» What the task requires
The answer must consist solely of the lines below starting at the one containing "Luật sư Lê Văn Hồi" and ending at the one containing "FOTO/VIDEO Atac masiv", repeated exactly, with both ends included and all pictures omitted.

» Data for this exercise
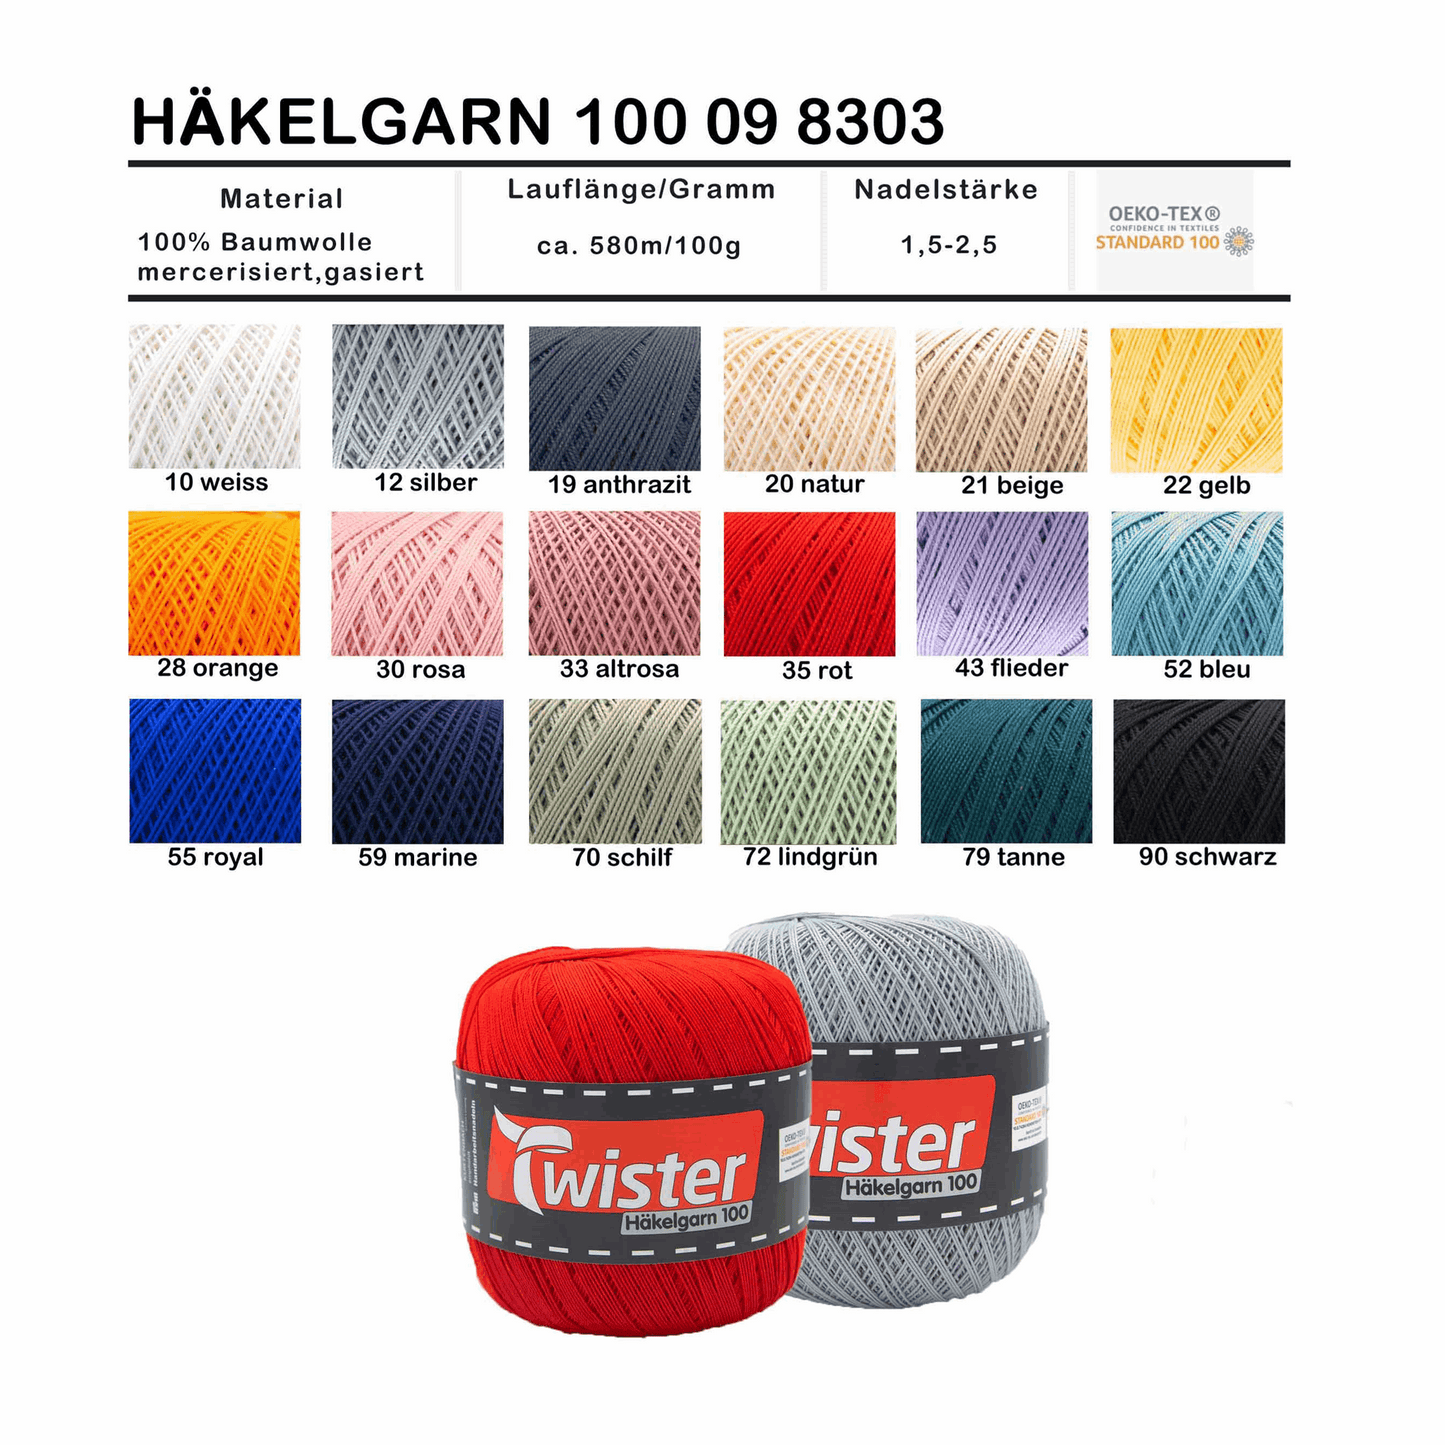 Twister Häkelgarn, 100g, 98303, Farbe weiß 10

* * *

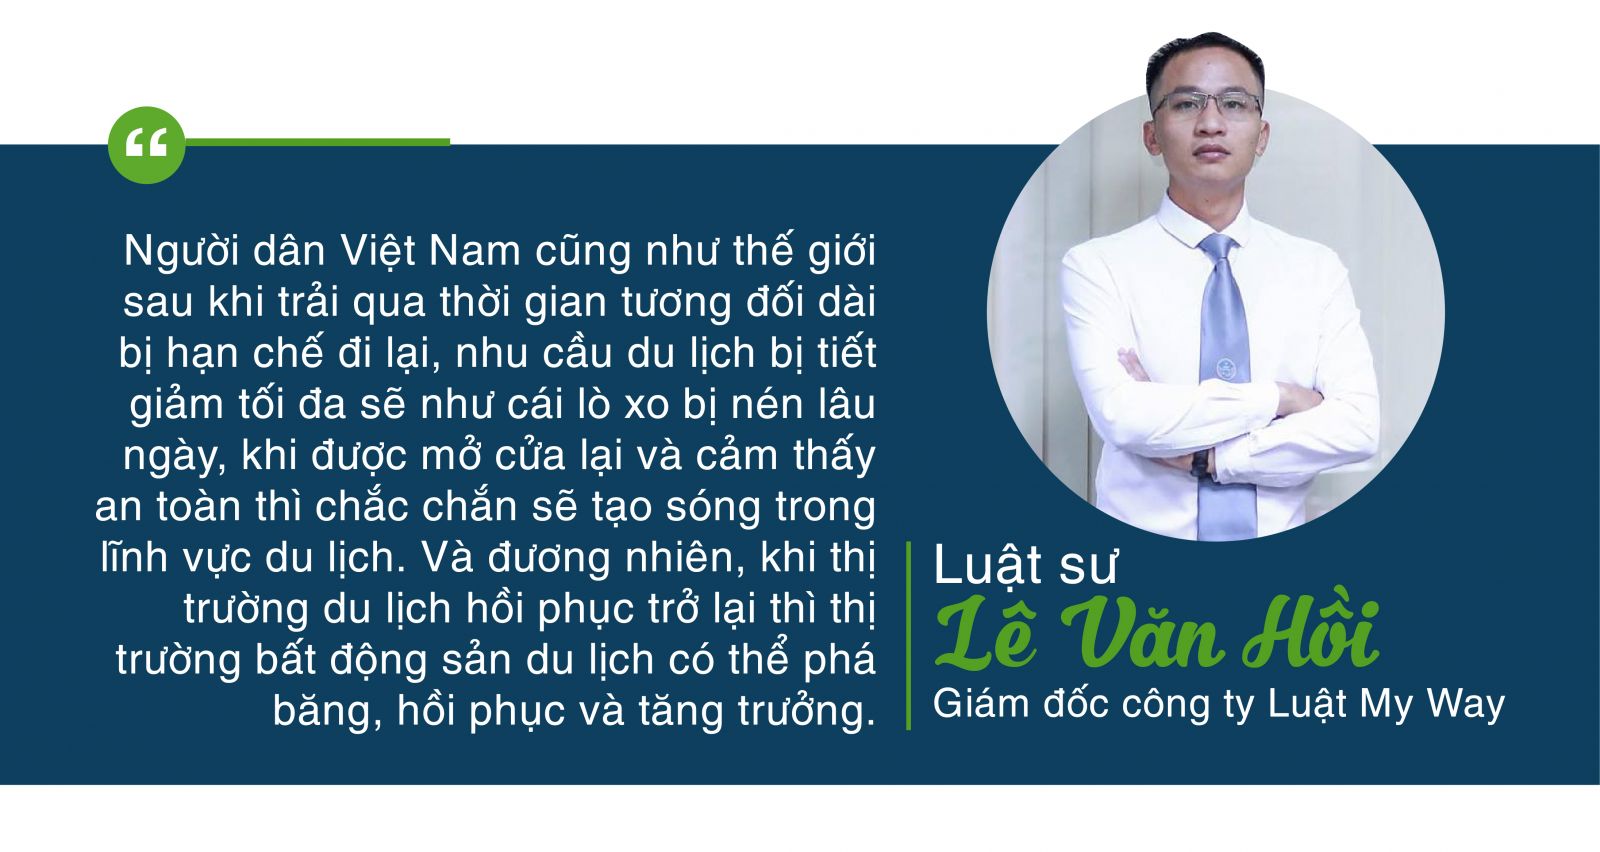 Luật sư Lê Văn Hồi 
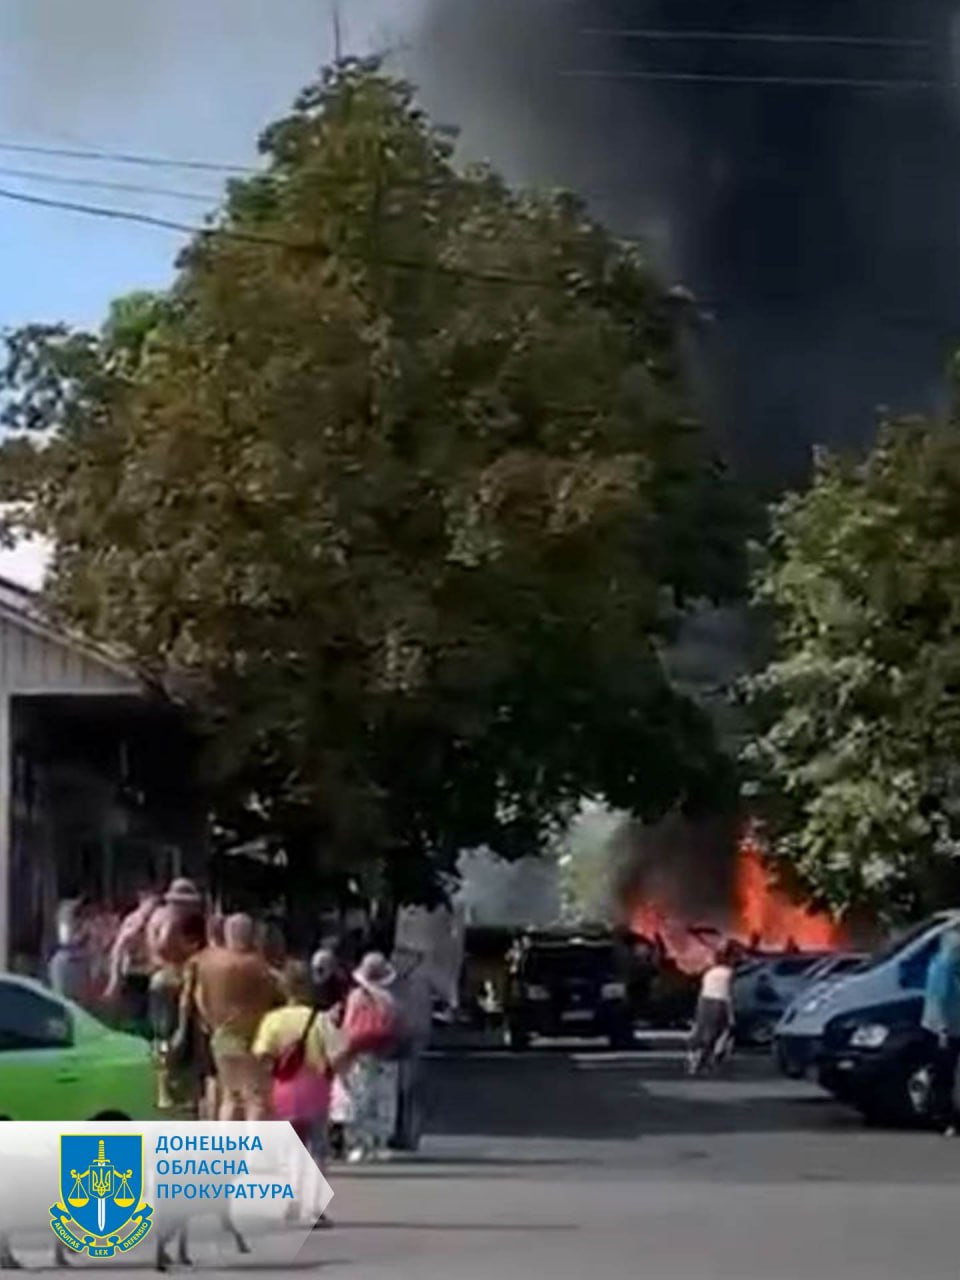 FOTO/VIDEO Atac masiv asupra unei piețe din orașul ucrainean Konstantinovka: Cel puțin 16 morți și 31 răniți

...

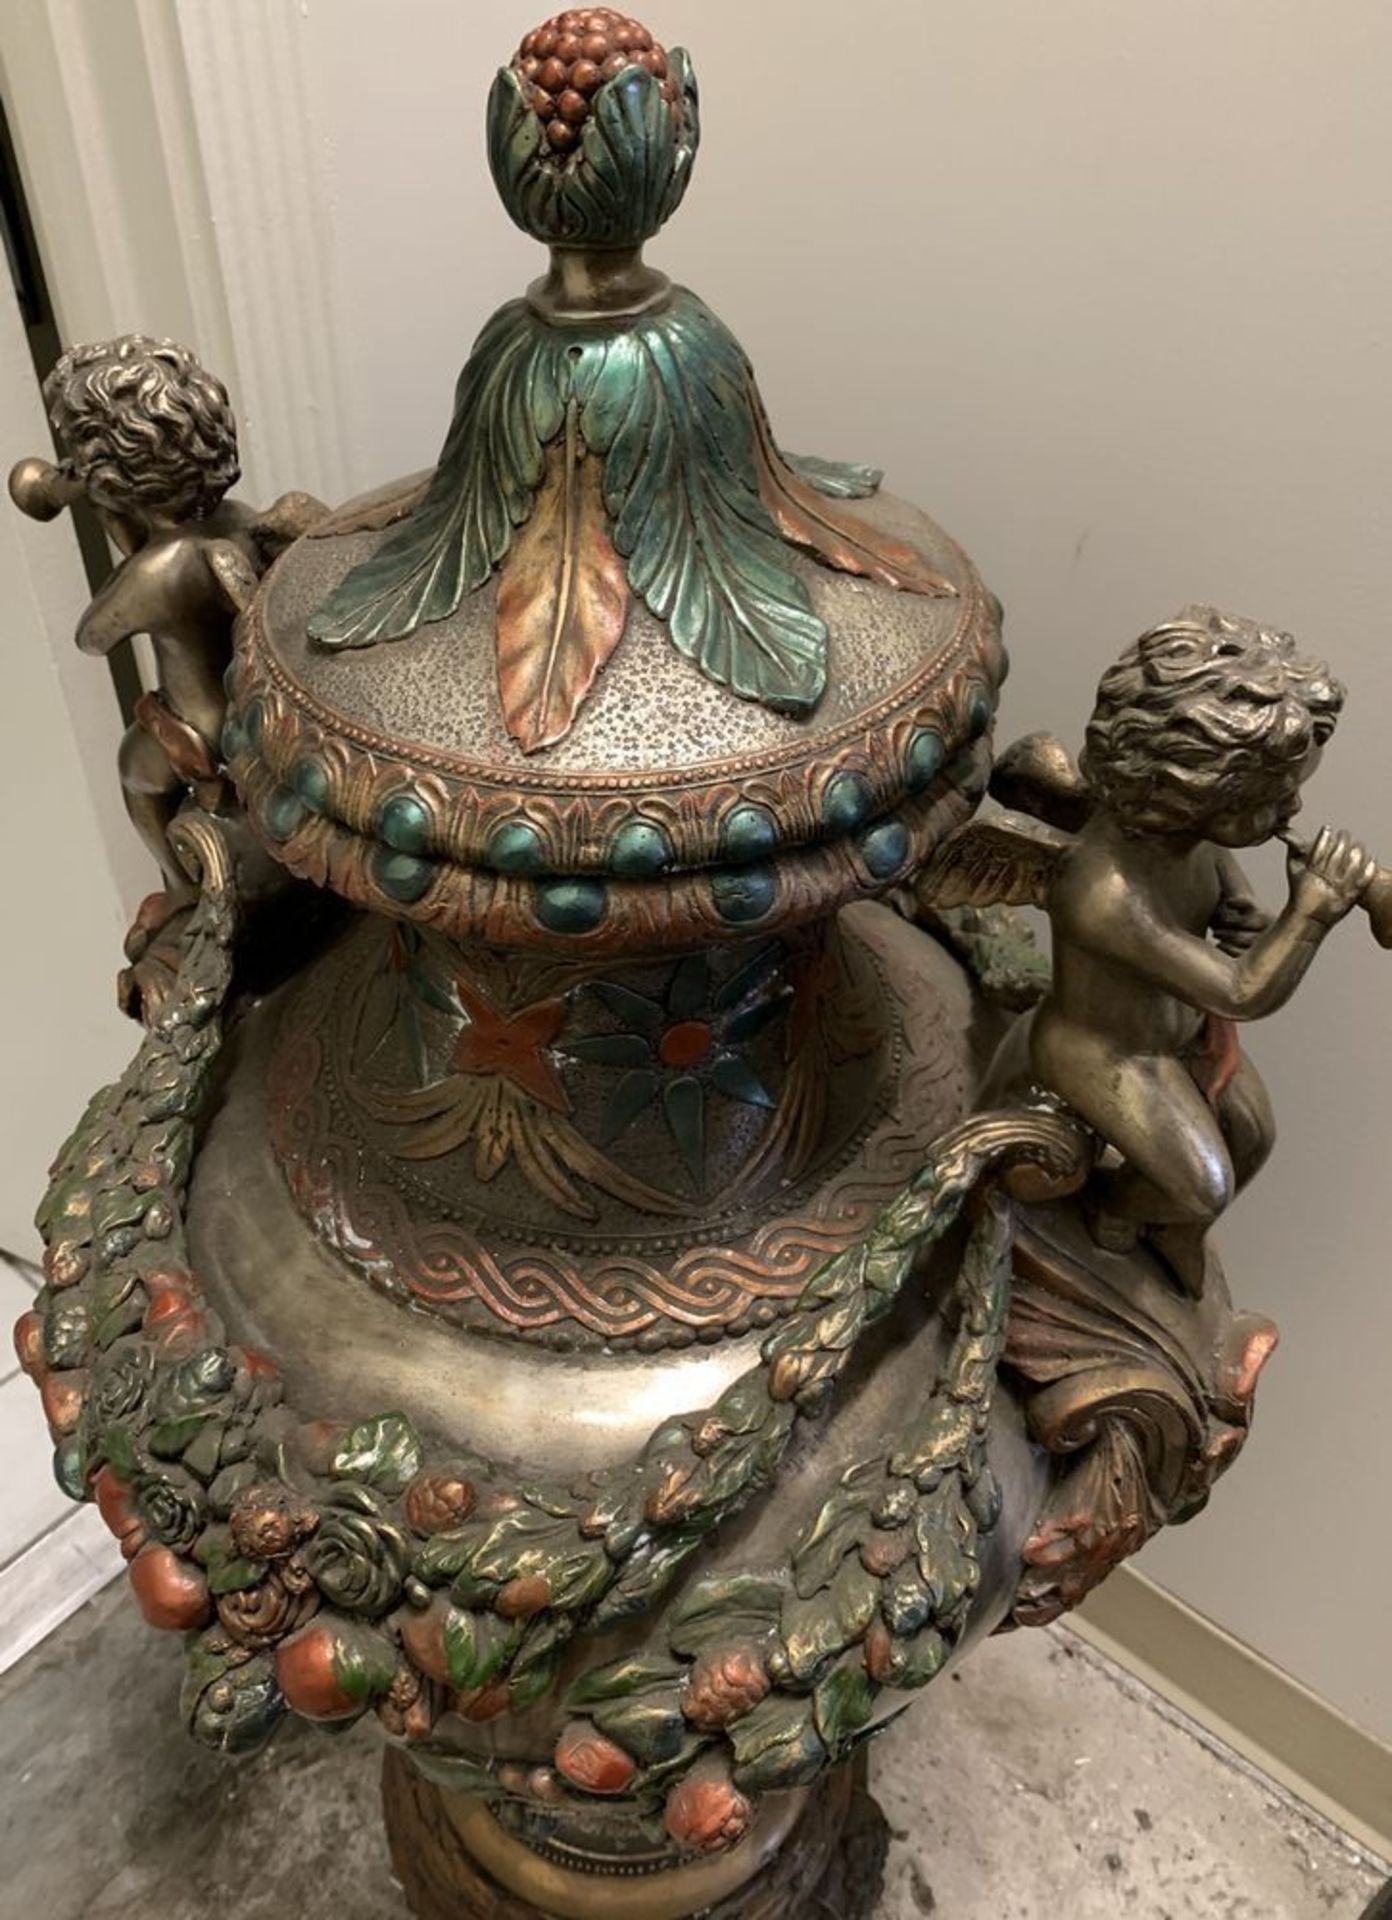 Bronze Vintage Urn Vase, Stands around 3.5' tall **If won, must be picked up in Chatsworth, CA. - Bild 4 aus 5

» Task solution
 Luật sư Lê Văn Hồi 
 FOTO/VIDEO Atac masiv asupra unei piețe din orașul ucrainean Konstantinovka: Cel puțin 16 morți și 31 răniți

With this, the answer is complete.